🤖 AI Summary
This work addresses the high computational cost of cross-encoders in re-ranking, which limits their applicability to large-scale retrieval despite their superior performance. By analyzing the internal interaction mechanisms of cross-encoders, the authors identify and eliminate redundant or detrimental interactions, thereby proposing a lightweight minimal-interaction architecture that uniquely combines the strengths of cross-encoders and late-interaction models. The resulting model maintains high accuracy while significantly improving inference efficiency and out-of-domain generalization: it nearly matches the original cross-encoder’s performance on in-domain tasks, outperforms late-interaction models such as ColBERT on out-of-domain benchmarks, and achieves a fourfold reduction in inference latency.
📝 Abstract
Cross-encoders deliver state-of-the-art ranking effectiveness in information retrieval, but have a high inference cost.

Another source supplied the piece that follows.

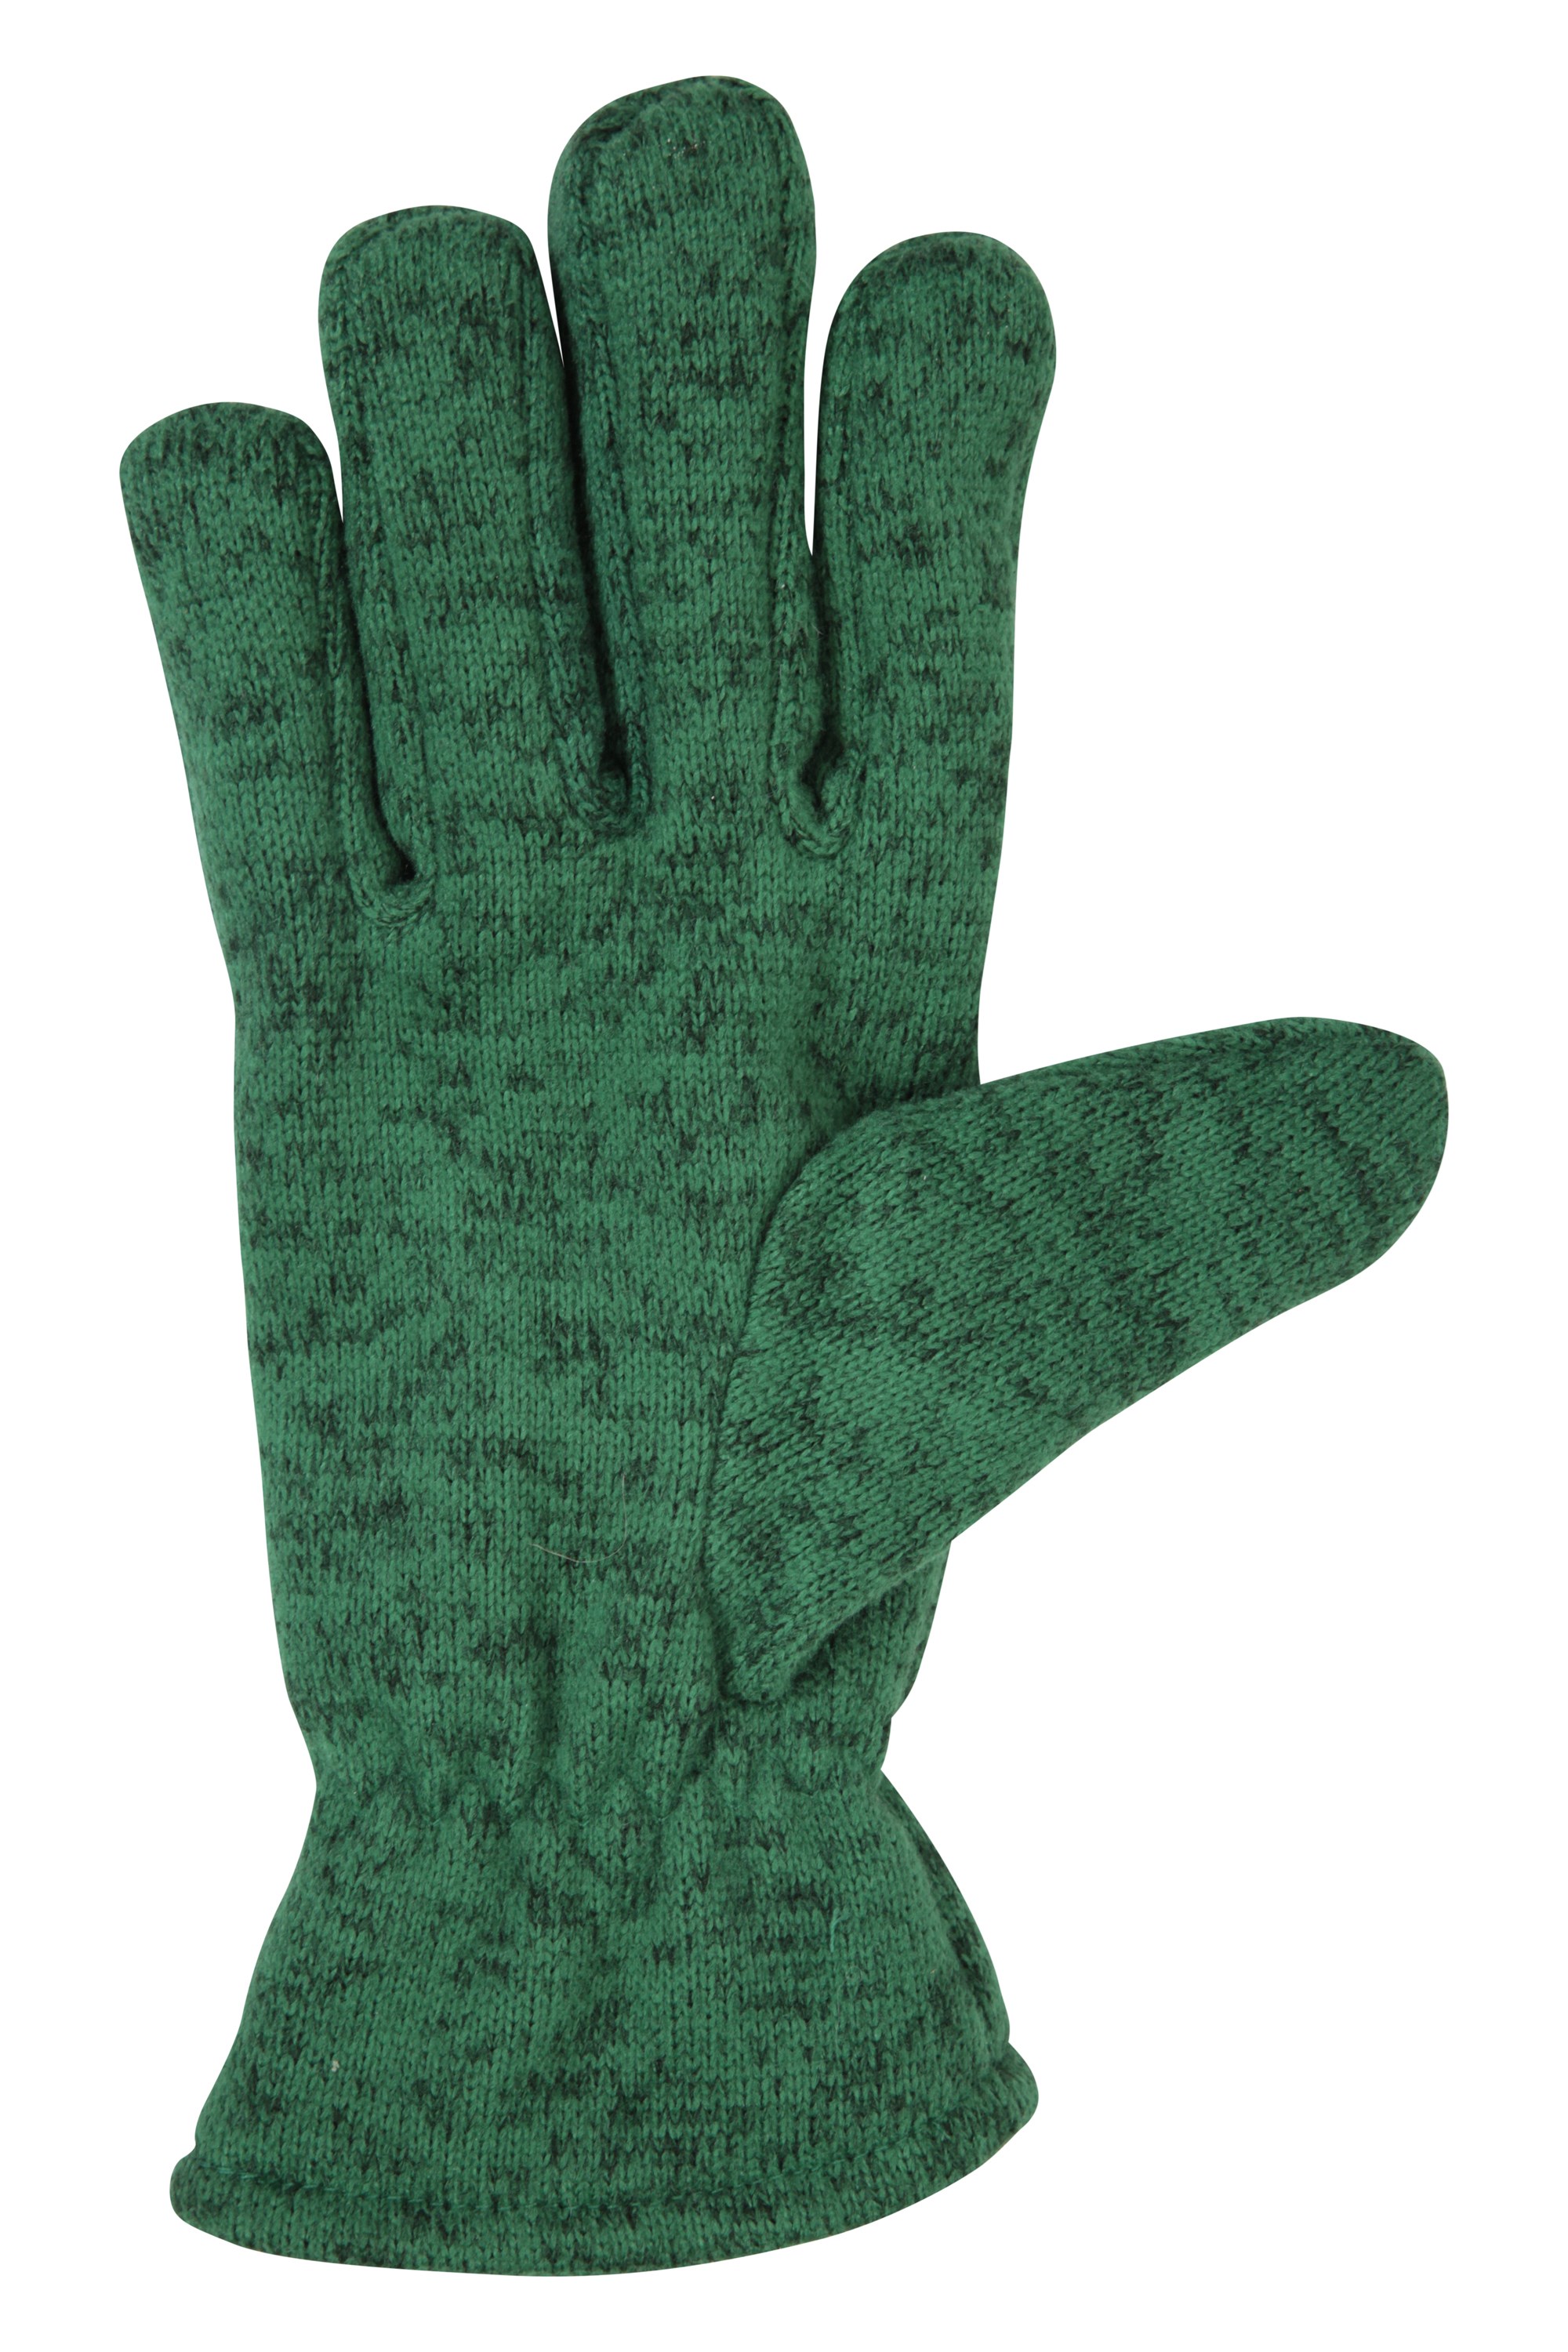 Mountain Warehouse Womens Lightweight Nevis Fleece Gloves with Elasticated Cuffs 
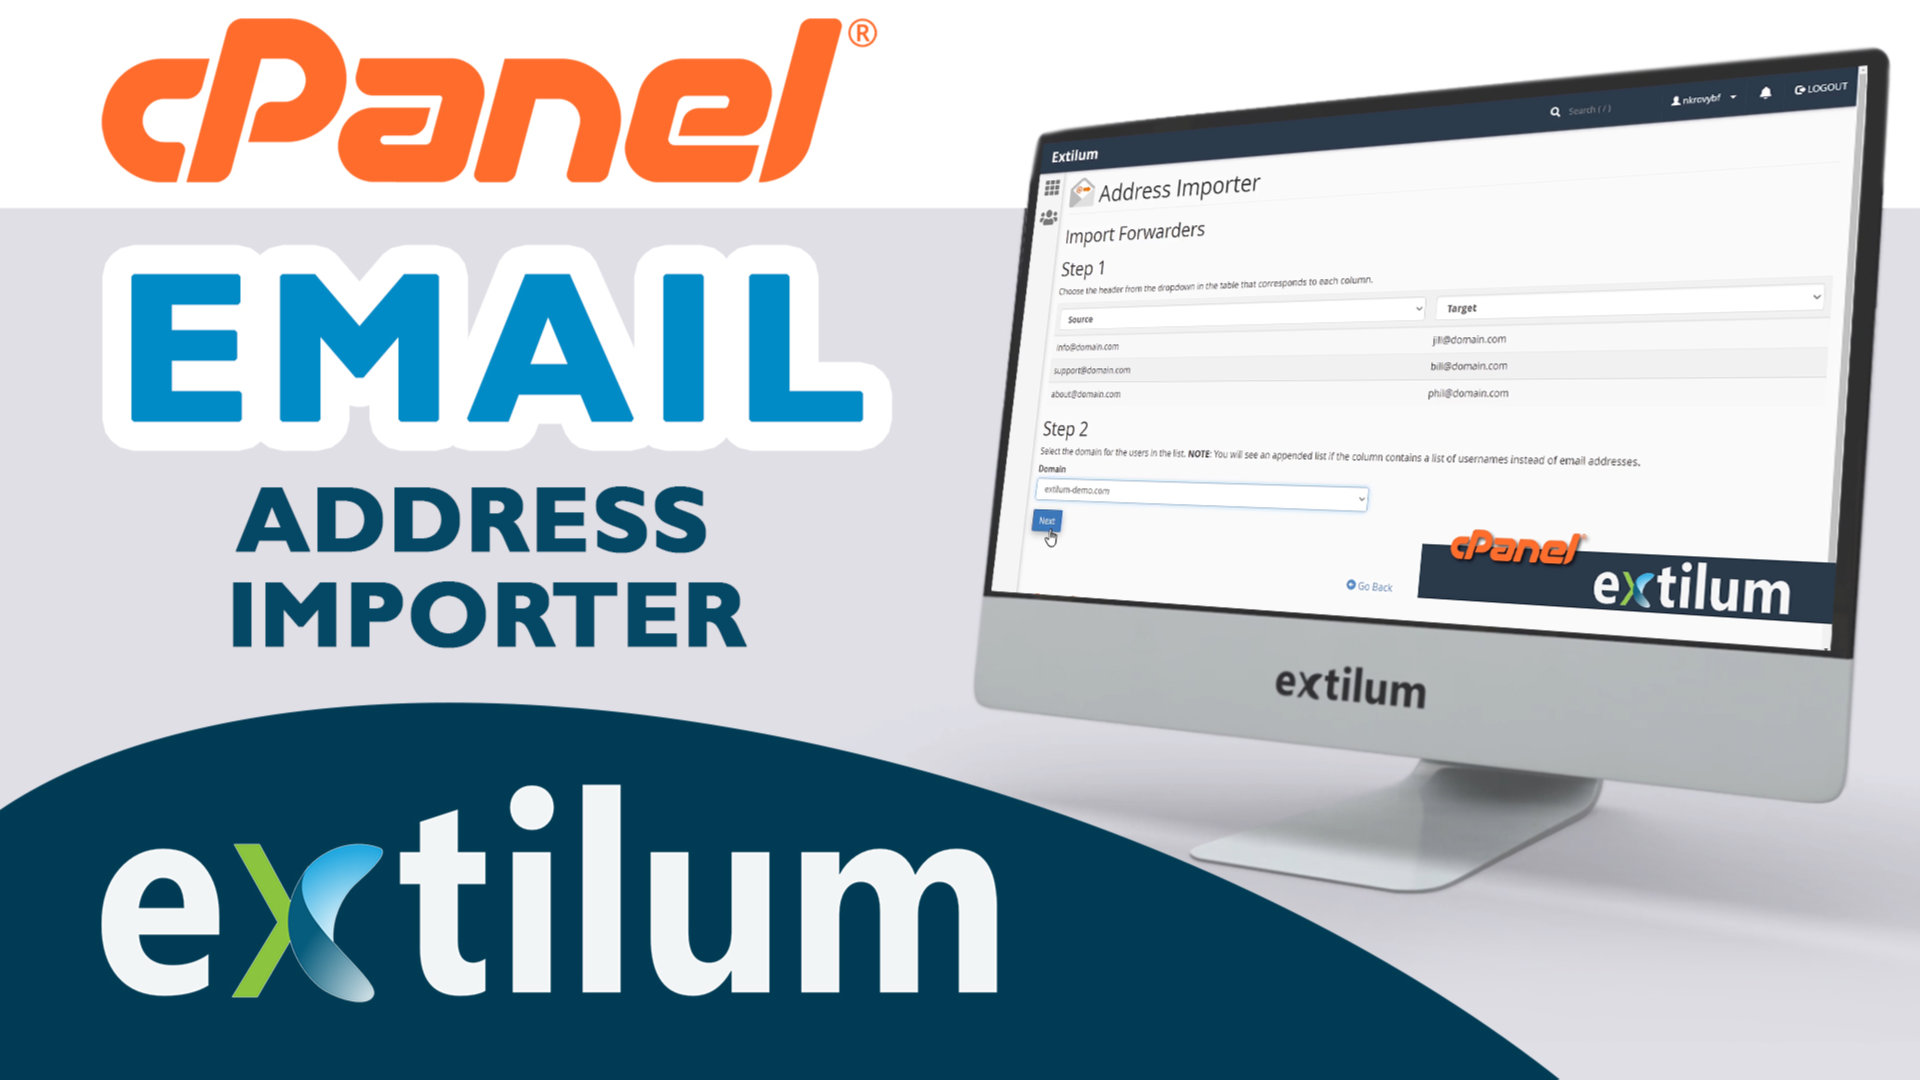 Extilum cPanel -Address Importer

This prevents them from being used as first-stage rankers, but also incurs a cost when re-ranking documents. Prior work has addressed this bottleneck from two largely separate directions: accelerating cross-encoder inference by sparsifying the attention process or improving first-stage retrieval effectiveness using more complex models, e.g. late-interaction ones. In this work, we propose to bridge these two approaches, based on an in-depth understanding of the internal mechanisms of cross-encoders. Starting from cross-encoders, we show that it is possible to derive a new late-interaction-like architecture by carefully removing detrimental or unnecessary interactions. We name this architecture MICE (Minimal Interaction Cross-Encoders). We extensively evaluate MICE across both in-domain (ID) and out-of-domain (OOD) datasets. MICE decreases fourfold the inference latency compared to standard cross-encoders, matching late-interaction models like ColBERT while retaining most of cross-encoder ID effectiveness and demonstrating superior generalization abilities in OOD.